Dr. Reichler’s Bio 301L 1-2pm Print
Name:_______KEY___________
In-class Exam #2 October 18, 2002
Answer each question as succinctly as possible in the
space provided. If needed, continue on the back. If you use a
drawing as part of your answer, be sure to also include a written explanation.
Read each question carefully and don’t hesitate to ask if a question seems
unclear. These questions have specific answers, although for some,
more than one answer is possible. To receive full credit you must clearly
and fully answer the question being asked. Each question is worth 6
pts, unless otherwise noted, for a total of 100 points possible for this
exam.
1. a. Cancer is partly caused by the absence of certain proteins.
How can a mutation cause a protein to not be produced?
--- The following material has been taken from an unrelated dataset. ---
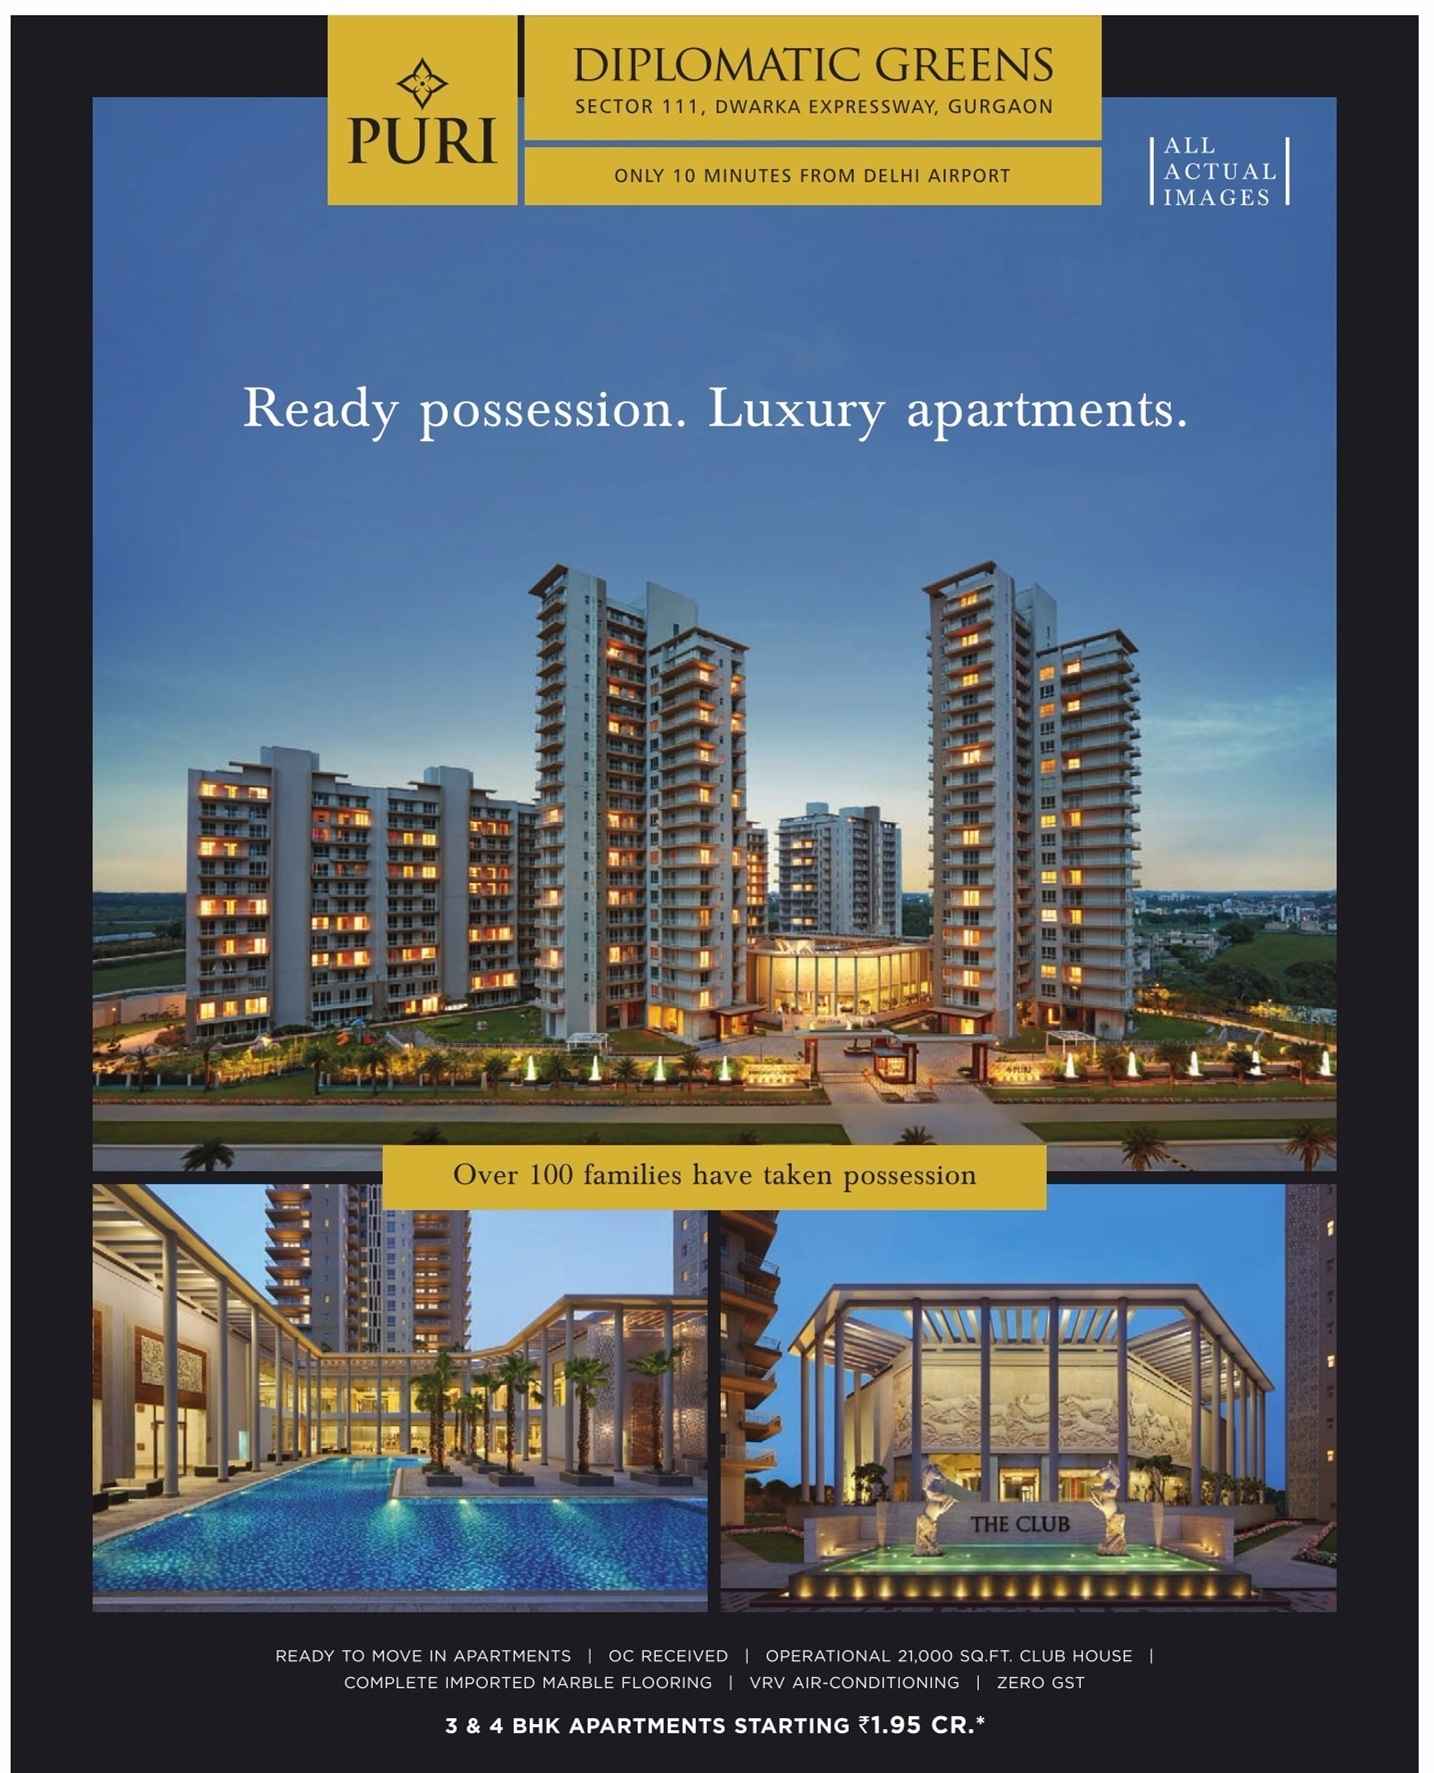 Ready possession luxury apartments at Puri Diplomatic Greens in Gurgaon

A mutation in a promoter causes RNA poly/transcription factors to not
bind and therefore not make the mRNA and protein.
5 of 6 pts for the following: mutation in coding region causes incorrect
amino acids. Mutation in coding region causes incorrect splicing/editing
of mRNA leading to wrong protein.
b. Does an mRNA that exists in the cytoplasm for a long period of time always
lead to a high quantity of that protein being produced? Why or why
not?
No, the translation of mRNA may be blocked.
2. a. Why can a cell that has just finished dividing not immediately
divide a second time?
It first needs to replicate its DNA.
b. How is DNA packaged during cell division? Why?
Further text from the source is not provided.